**PROBLEM DETAILS:** Below is a listing to transcribe in full and exactly; keep the pictures out.

**SUPPLIED INFORMATION:**
================================

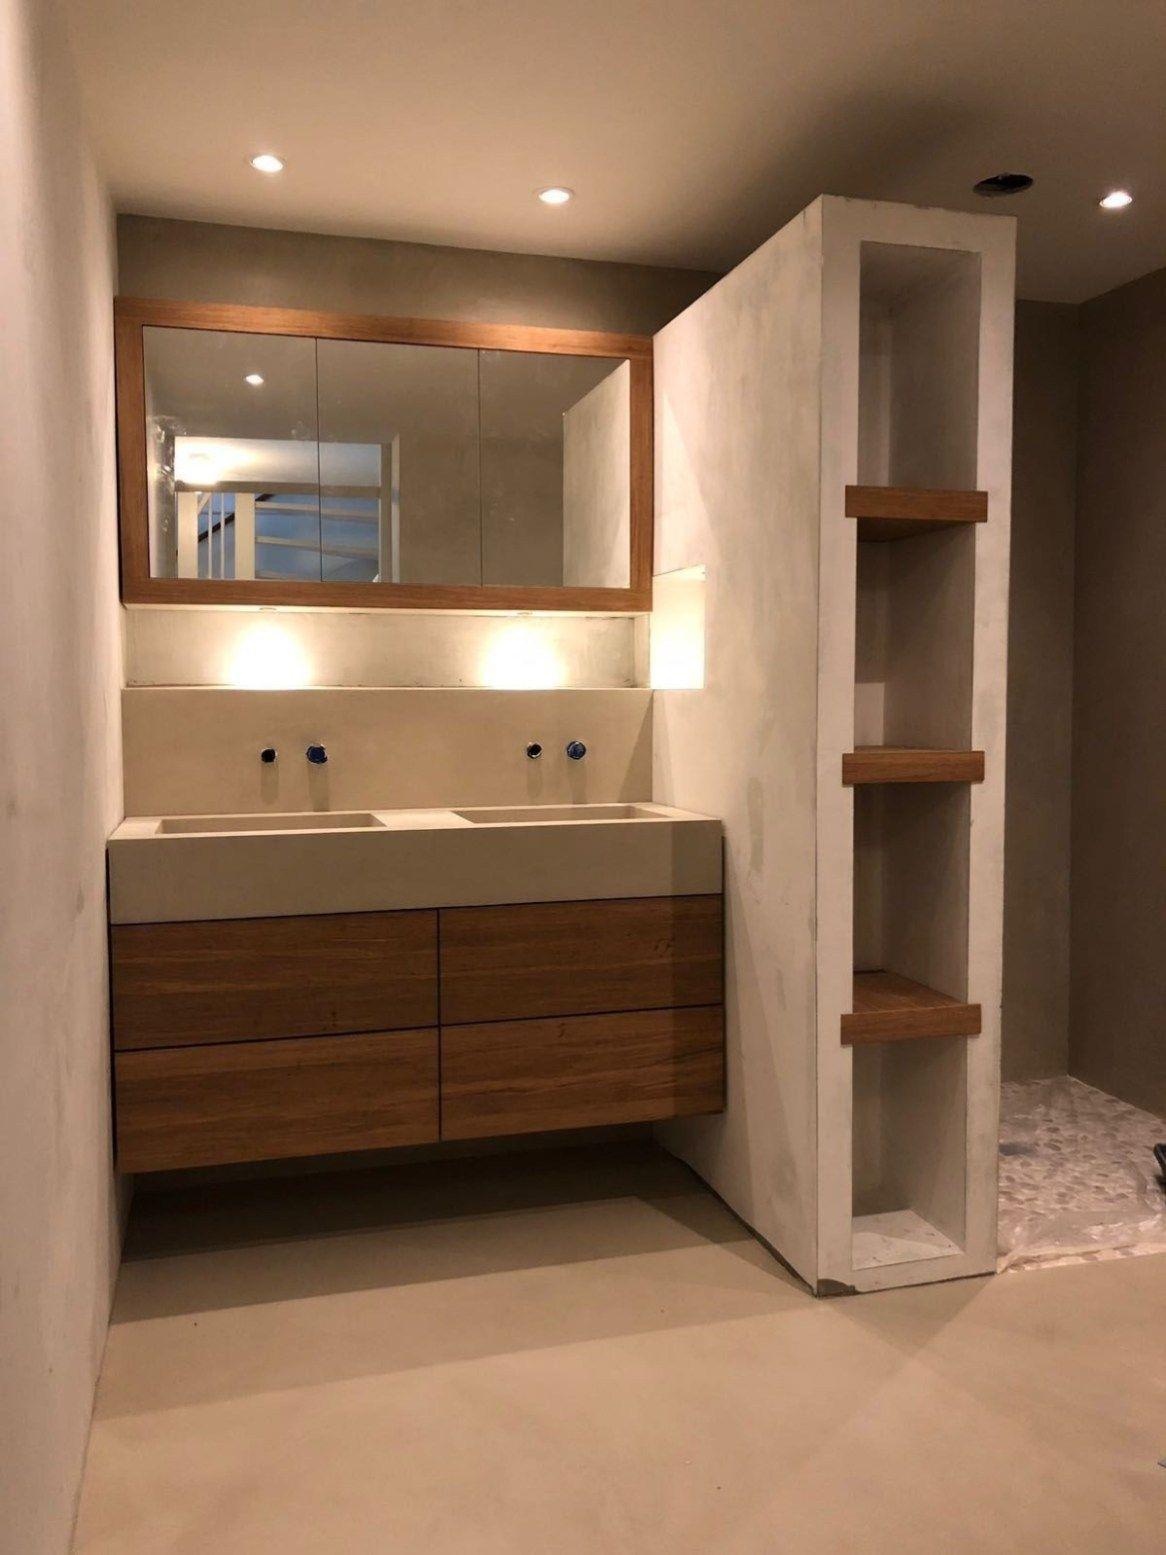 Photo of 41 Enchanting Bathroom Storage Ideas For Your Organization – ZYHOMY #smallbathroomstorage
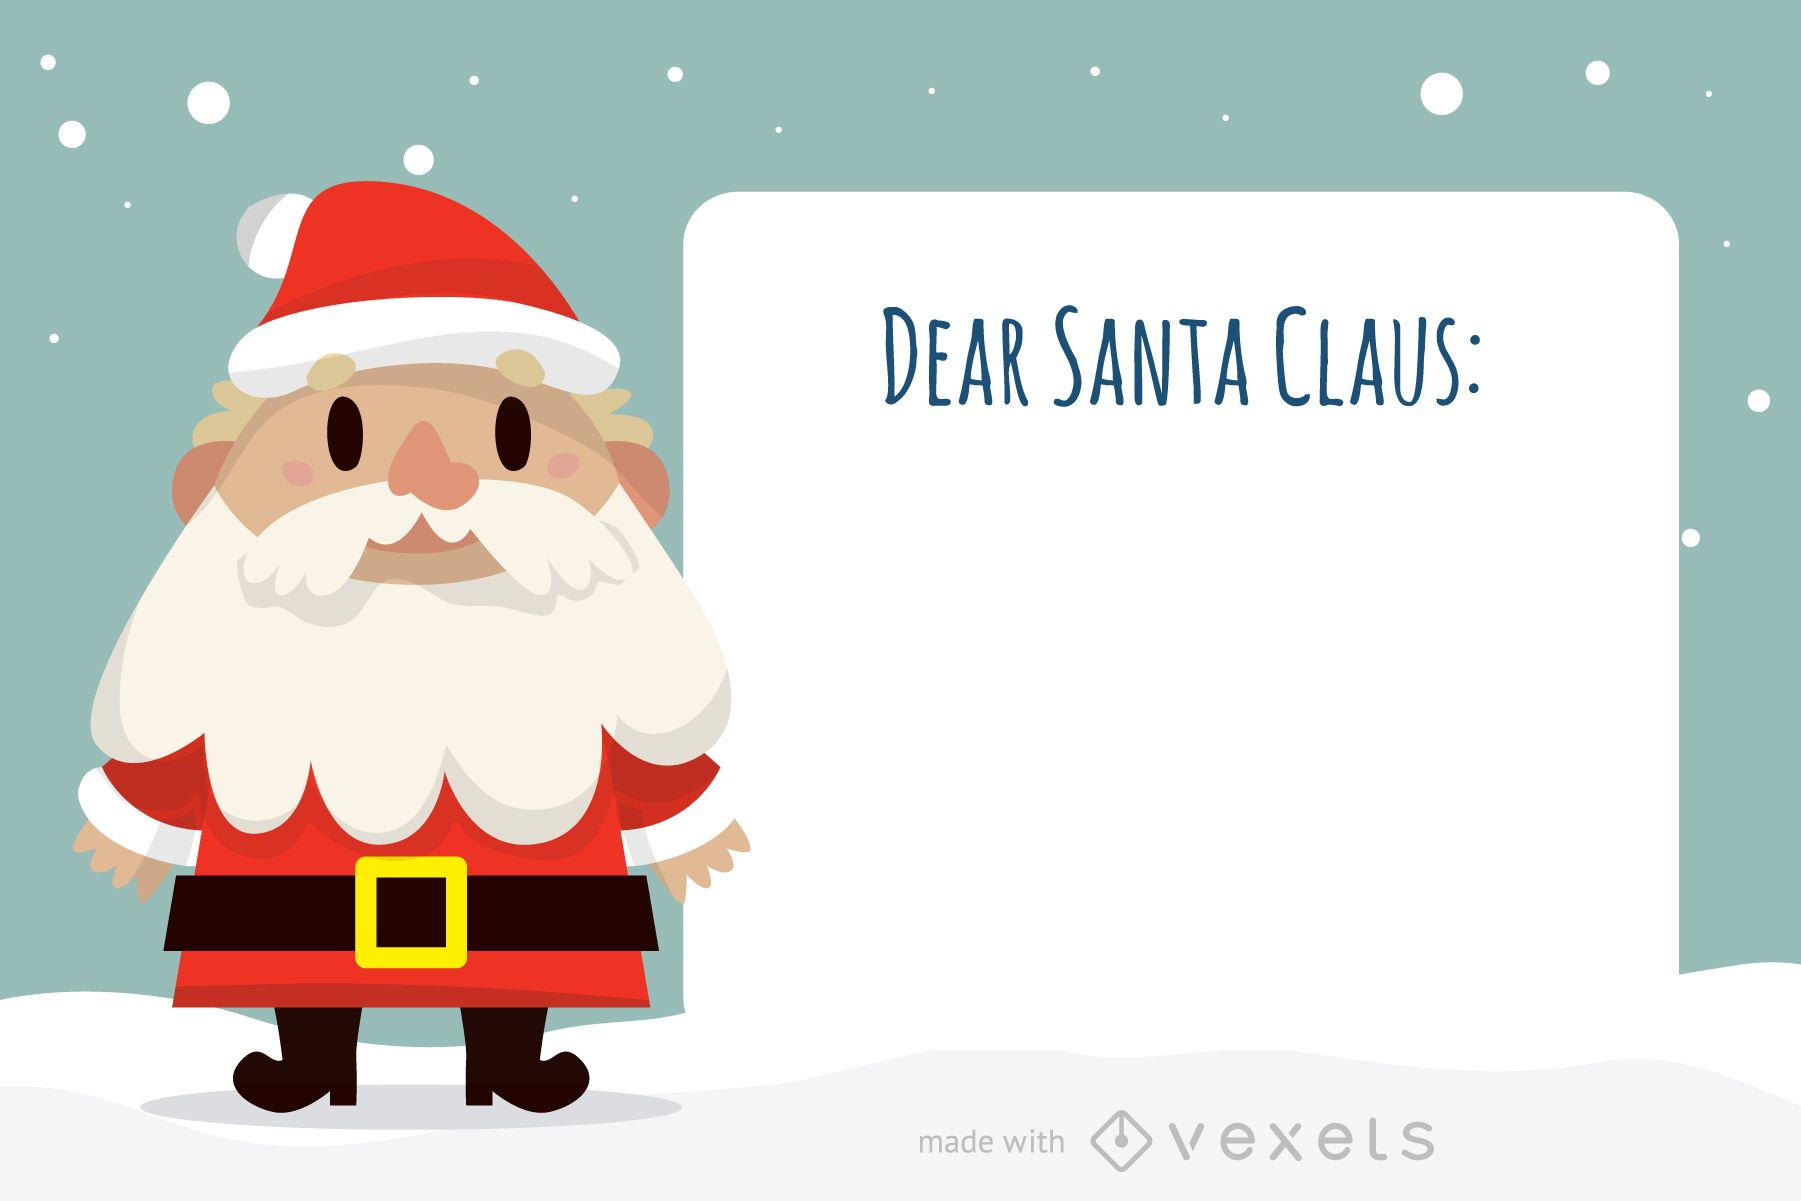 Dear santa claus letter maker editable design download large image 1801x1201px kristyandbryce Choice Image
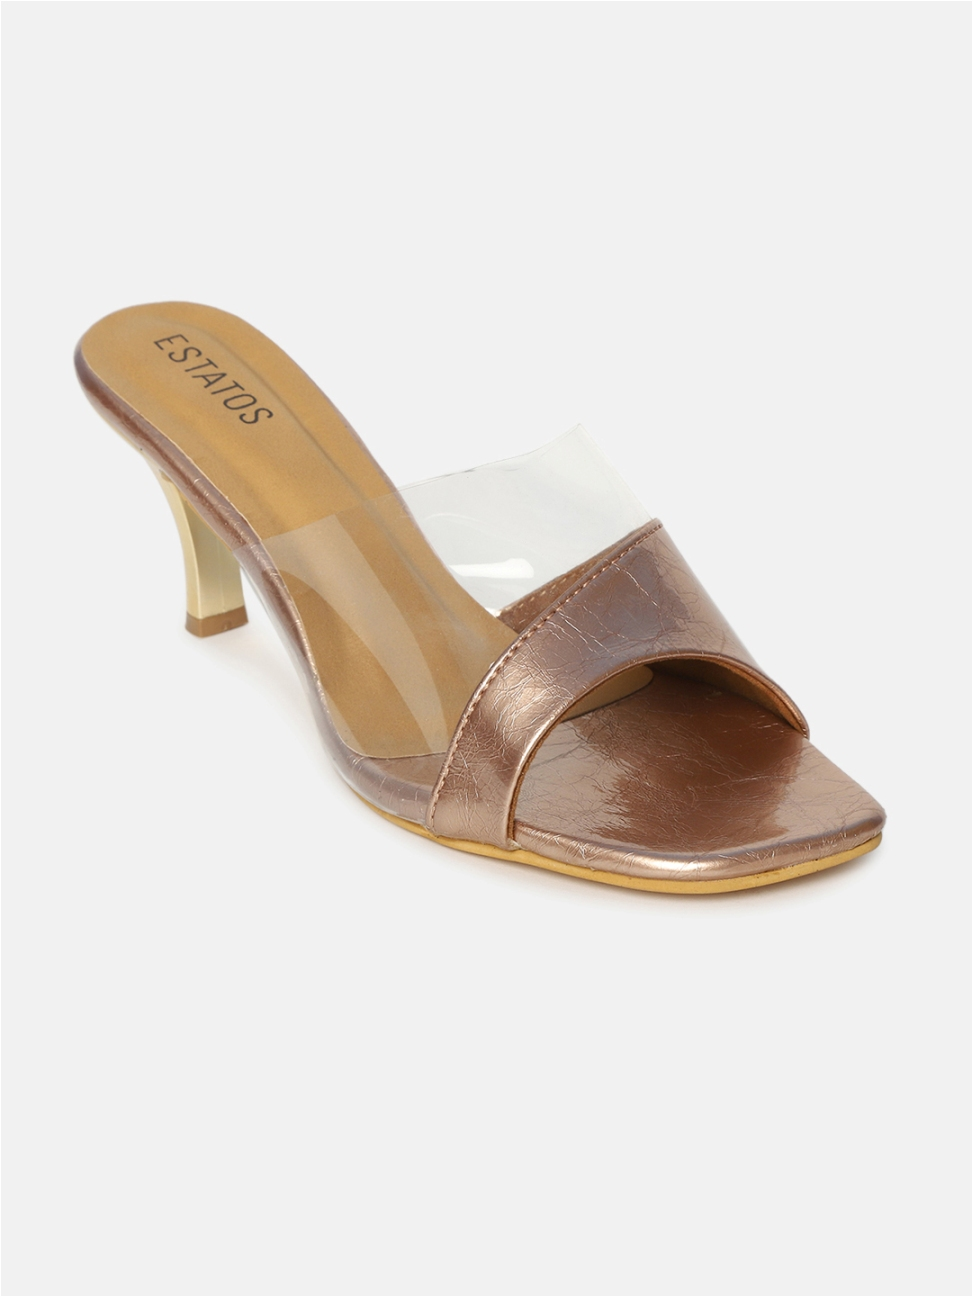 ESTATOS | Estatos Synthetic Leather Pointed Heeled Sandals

================================

**COMPLETED EXERCISE:**
 Photo of 41 Enchanting Bathroom Storage Ideas For Your Organization – ZYHOMY #smallbathroomstorage
 Dear santa claus letter maker editable design download large image 1801x1201px kristyandbryce Choice Image
 ESTATOS | Estatos Synthetic Leather Pointed Heeled Sandals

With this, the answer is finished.